5. Rate Limit Rules Configuration¶

Single Source of Truth (SSOT)¶

# src/infrastructure/rate_limit/config.py

RATE_LIMIT_RULES: dict[str, RateLimitRule] = {
    # Authentication endpoints (IP-scoped, restrictive)
    "POST /api/v1/auth/login": RateLimitRule(
        max_tokens=5,
        refill_rate=5.0,  # 5 tokens/min = 1 per 12 seconds
        scope=RateLimitScope.IP,
        cost=1,
        enabled=True,
    ),
    "POST /api/v1/auth/register": RateLimitRule(
        max_tokens=3,
        refill_rate=3.0,  # 3 tokens/min
        scope=RateLimitScope.IP,
        cost=1,
        enabled=True,
    ),
    "POST /api/v1/auth/password-reset": RateLimitRule(
        max_tokens=3,
        refill_rate=3.0,
        scope=RateLimitScope.IP,
        cost=1,
        enabled=True,
    ),

    # User API endpoints (user-scoped, generous)
    "GET /api/v1/accounts": RateLimitRule(
        max_tokens=100,
        refill_rate=100.0,  # 100 tokens/min
        scope=RateLimitScope.USER,
        cost=1,
        enabled=True,
    ),
    "GET /api/v1/transactions": RateLimitRule(
        max_tokens=100,
        refill_rate=100.0,
        scope=RateLimitScope.USER,
        cost=1,
        enabled=True,
    ),

    # Provider sync (user+provider scoped, expensive)
    "POST /api/v1/providers/{provider_id}/sync": RateLimitRule(
        max_tokens=10,
        refill_rate=10.0,  # 10 syncs/min per user per provider
        scope=RateLimitScope.USER_PROVIDER,
        cost=1,
        enabled=True,
    ),
}

Scope Types¶

Scope	Key Format	Use Case
`IP`	`ip:{address}:{endpoint}`	Unauthenticated endpoints (login)
`USER`	`user:{user_id}:{endpoint}`	Authenticated API endpoints
`USER_PROVIDER`	`user_provider:{user_id}:{provider}:{endpoint}`	Provider-specific operations
`GLOBAL`	`global:{endpoint}`	System-wide limits (rare)

Variable Cost¶

# Expensive operations cost more tokens
"POST /api/v1/reports/generate": RateLimitRule(
    max_tokens=10,
    refill_rate=10.0,
    scope=RateLimitScope.USER,
    cost=5,  # Costs 5 tokens (expensive operation)
    enabled=True,
)

Registry Pattern (F8.3)¶

Pattern: RATE_LIMIT_RULES follows the Registry Pattern - same architectural approach as Domain Events Registry (F7.7) and Provider Registry (F8.1).
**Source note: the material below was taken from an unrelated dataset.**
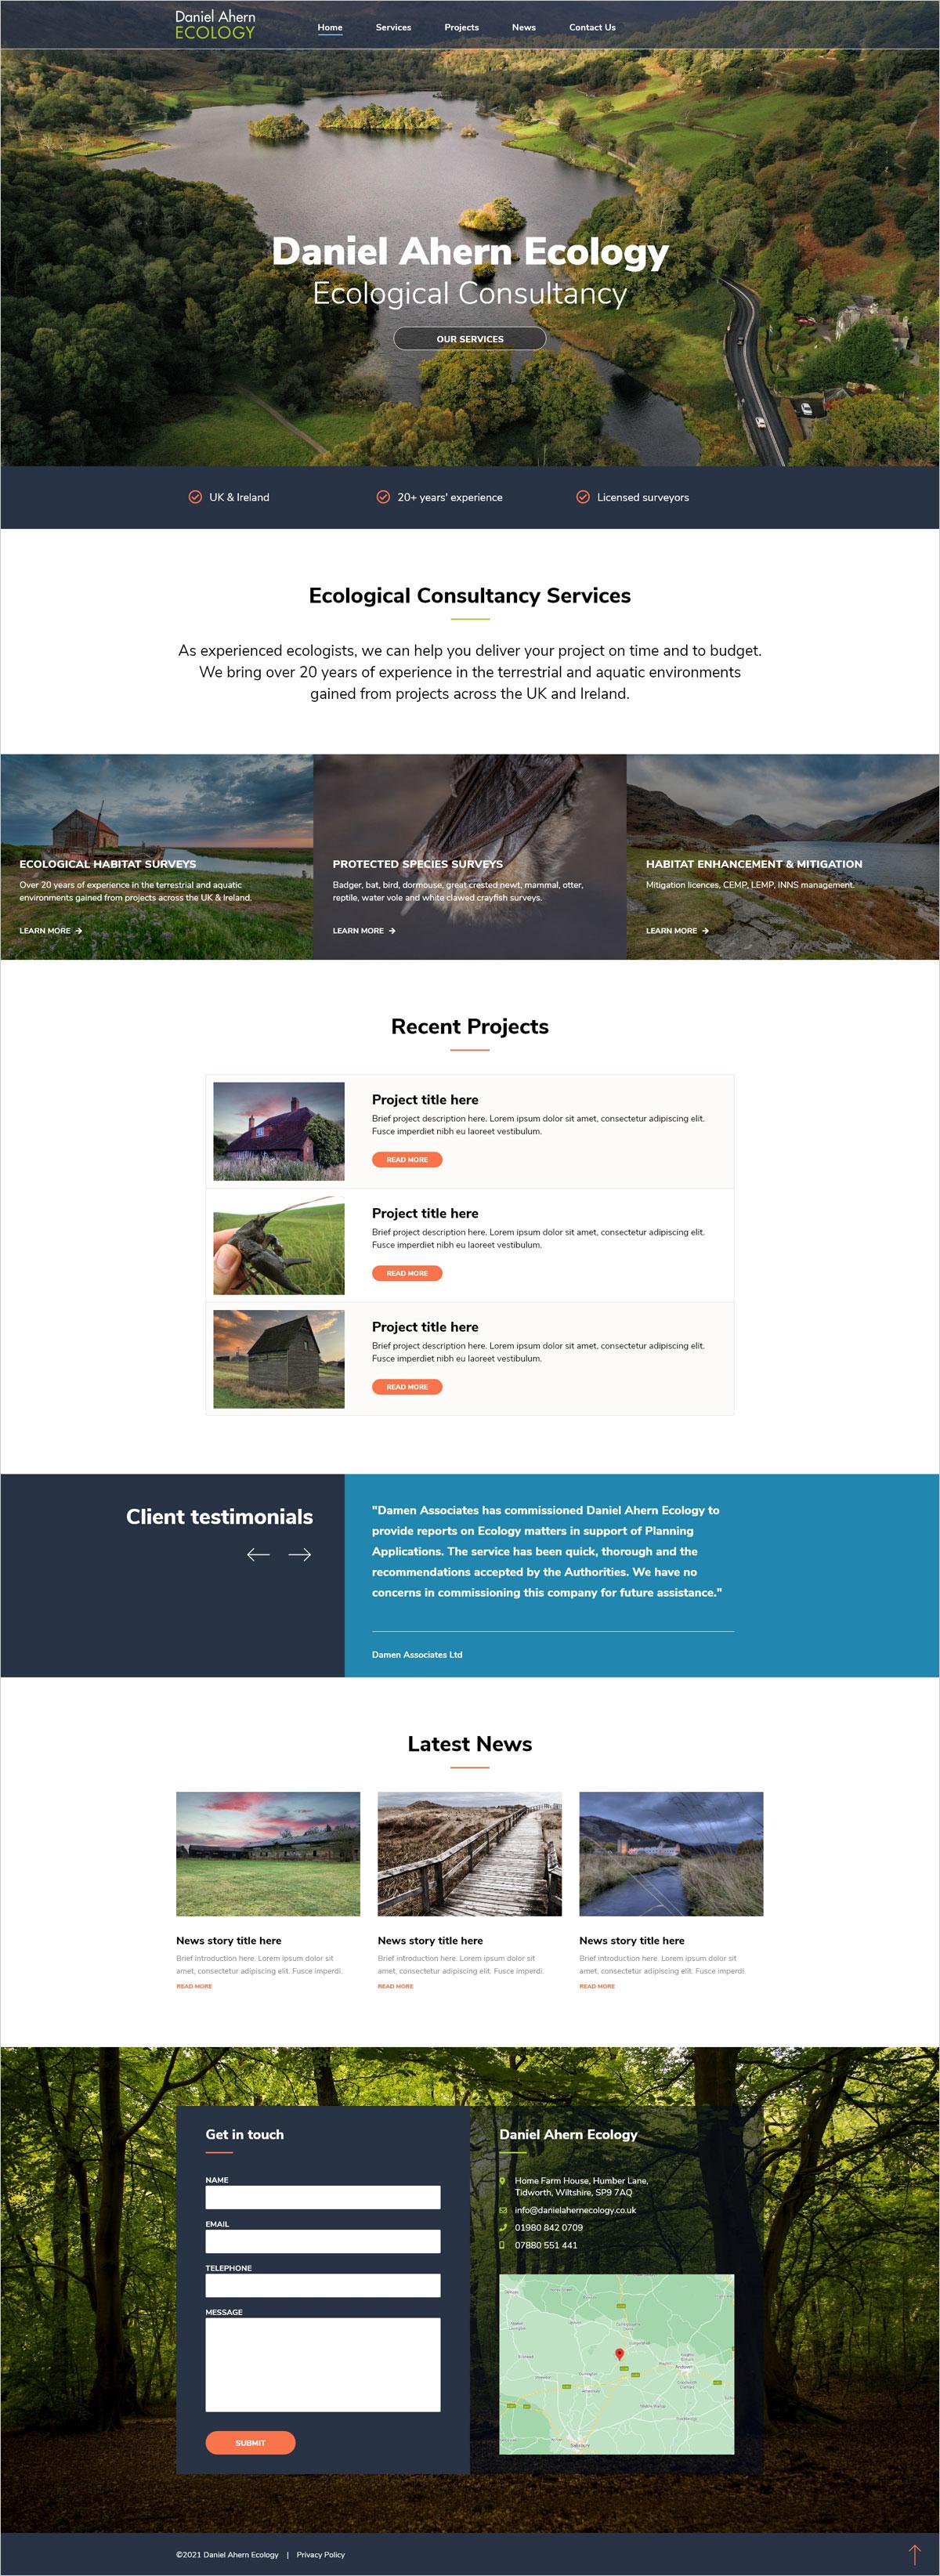 Daniel Ahern Ecology Web Design
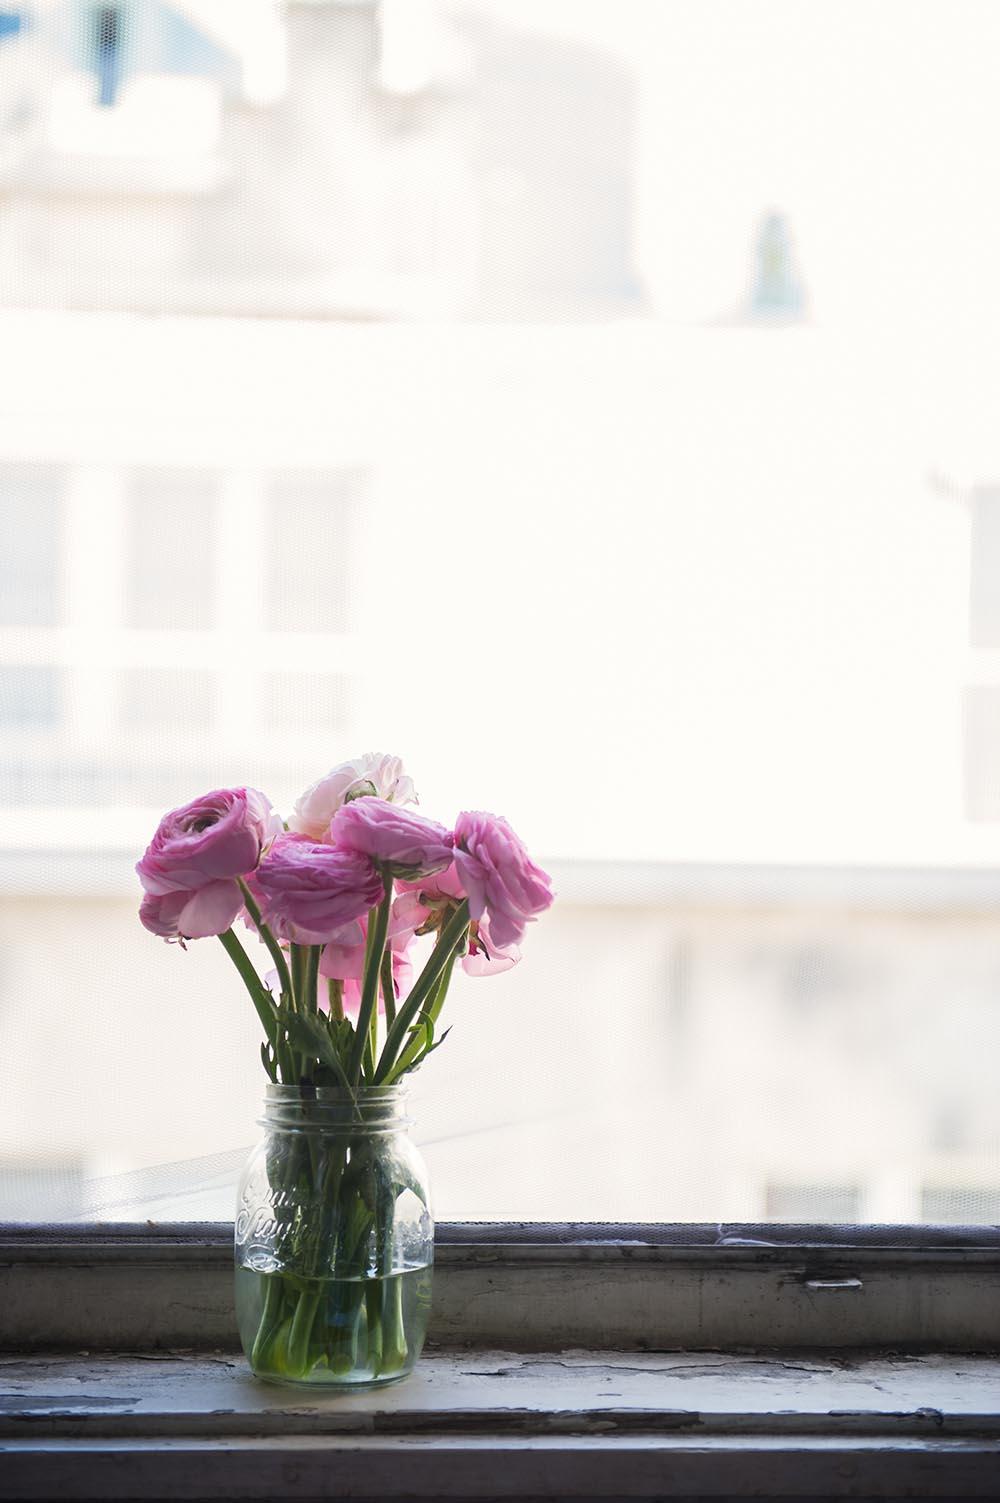 ranunkeln, ranunculus, buttercups, pink, flowers, spring, window

Purpose: Single source of truth for all rate limit rules with self-enforcing validation to prevent configuration drift.

Why Registry Pattern?¶

Before F8.3 (Configuration Only):

✅ Rate limit rules centralized in RATE_LIMIT_RULES dict
✅ Single source of truth for endpoint mappings
❌ No validation that rules have complete configuration
❌ No tests to detect malformed patterns
❌ Drift risk: Could add rule with invalid scope, negative tokens, etc.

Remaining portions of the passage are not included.